* EXCERPTED RECORDS:
▼

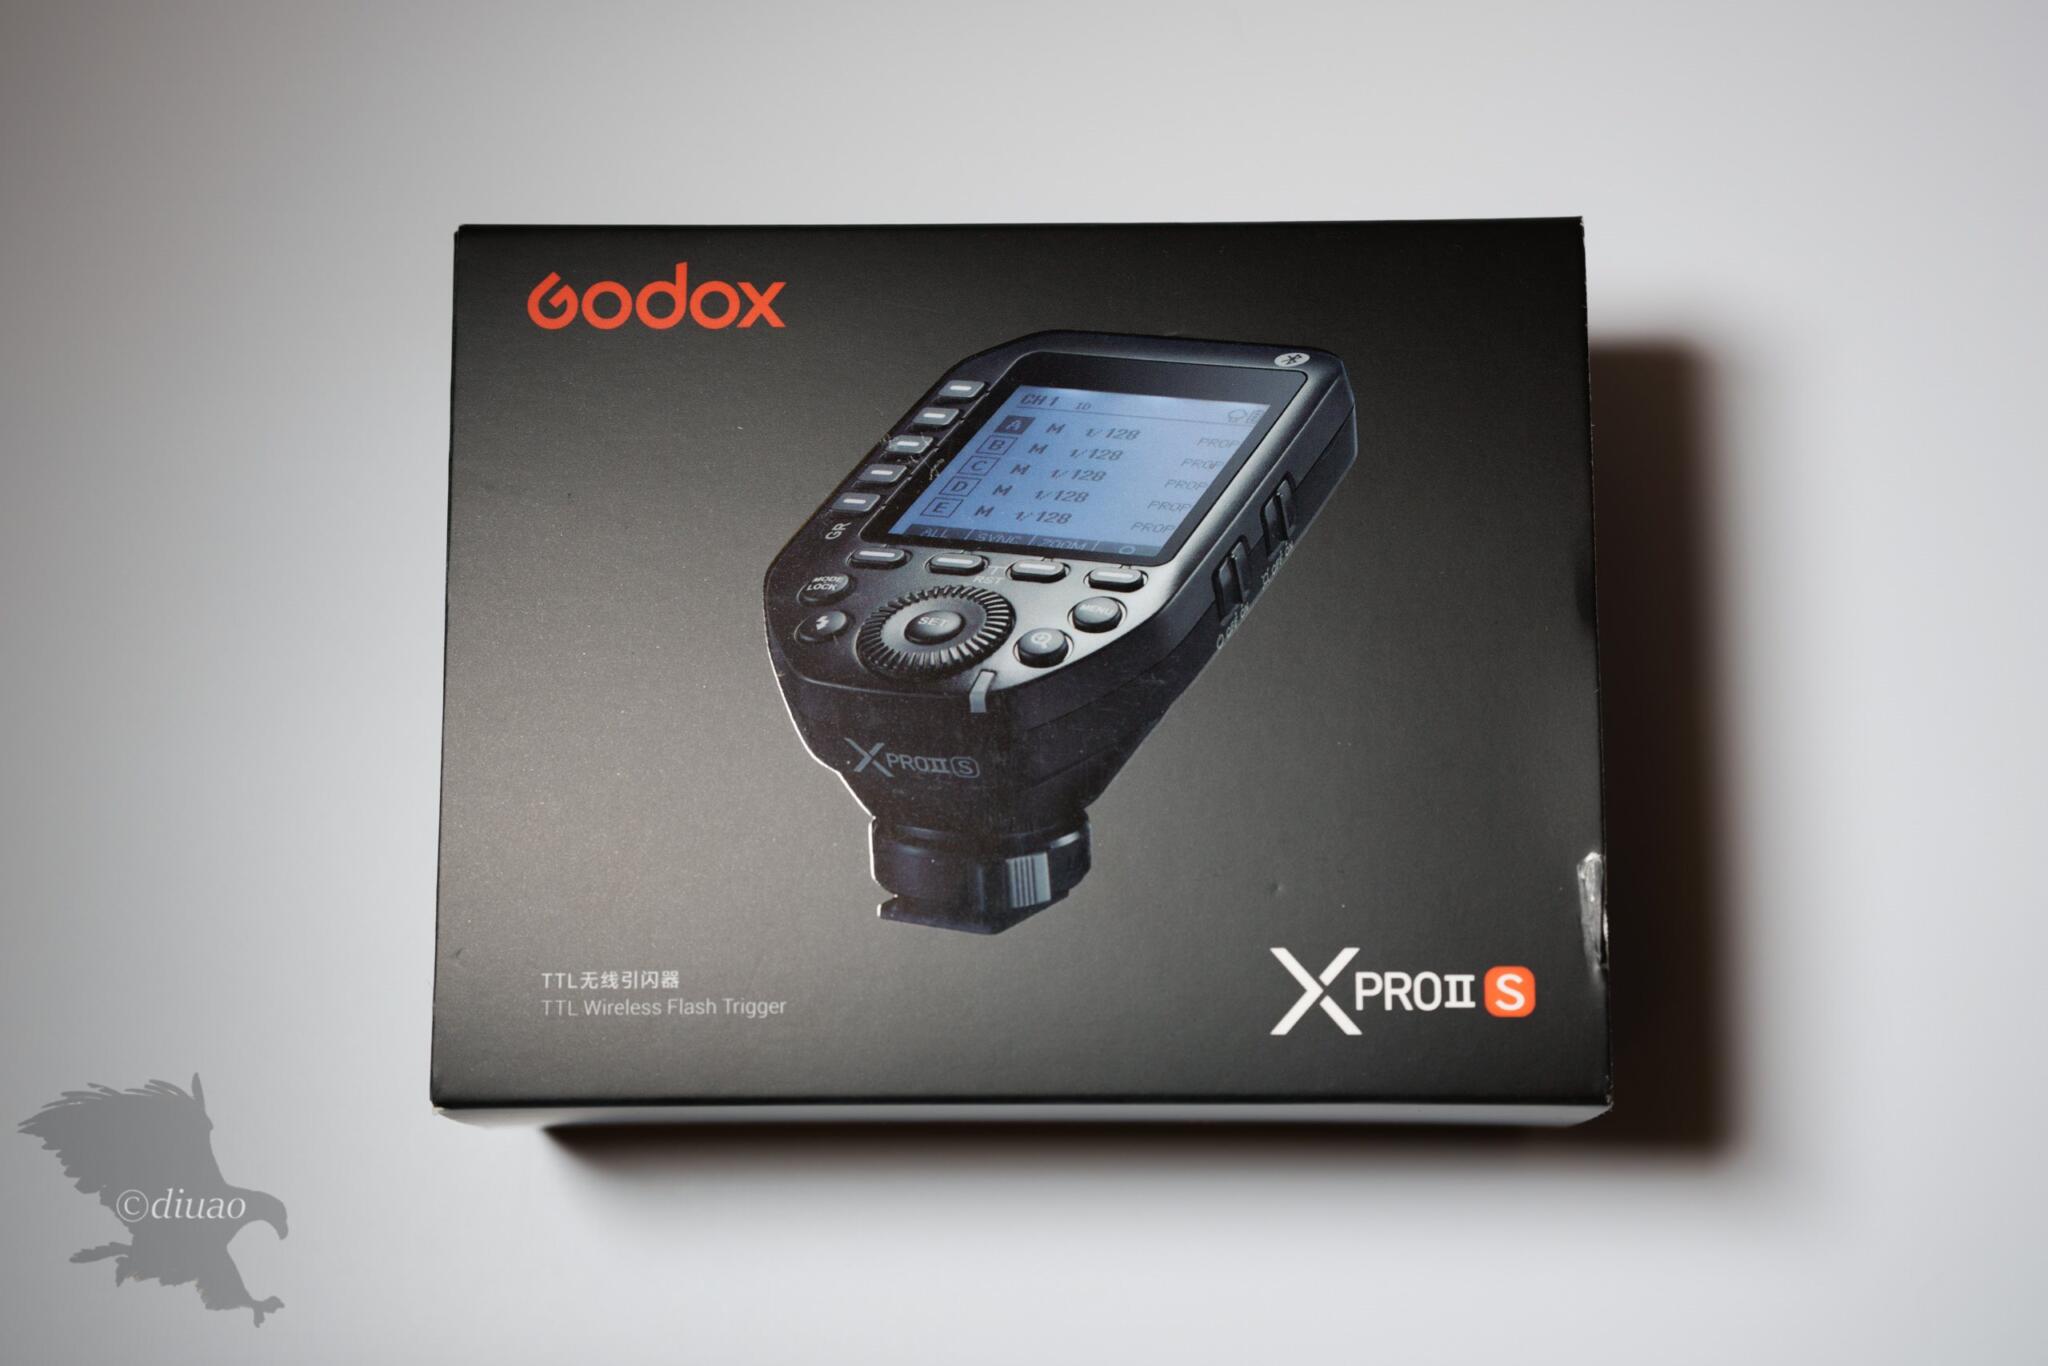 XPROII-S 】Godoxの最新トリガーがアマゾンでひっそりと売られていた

▲
▼

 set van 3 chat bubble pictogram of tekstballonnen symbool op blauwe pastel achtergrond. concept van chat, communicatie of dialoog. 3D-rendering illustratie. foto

▲
▼

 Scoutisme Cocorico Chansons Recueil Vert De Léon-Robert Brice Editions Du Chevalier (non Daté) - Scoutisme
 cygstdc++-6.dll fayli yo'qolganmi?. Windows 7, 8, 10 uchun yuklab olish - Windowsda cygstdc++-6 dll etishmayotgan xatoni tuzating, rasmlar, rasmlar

▲

From the listing above, output exactly the run of lines that starts with the line containing "Scoutisme Cocorico Chansons" and ends with the line containing "cygstdc++-6.dll fayli yo'qolganmi?.".

 Scoutisme Cocorico Chansons Recueil Vert De Léon-Robert Brice Editions Du Chevalier (non Daté) - Scoutisme
 cygstdc++-6.dll fayli yo'qolganmi?. Windows 7, 8, 10 uchun yuklab olish - Windowsda cygstdc++-6 dll etishmayotgan xatoni tuzating, rasmlar, rasmlar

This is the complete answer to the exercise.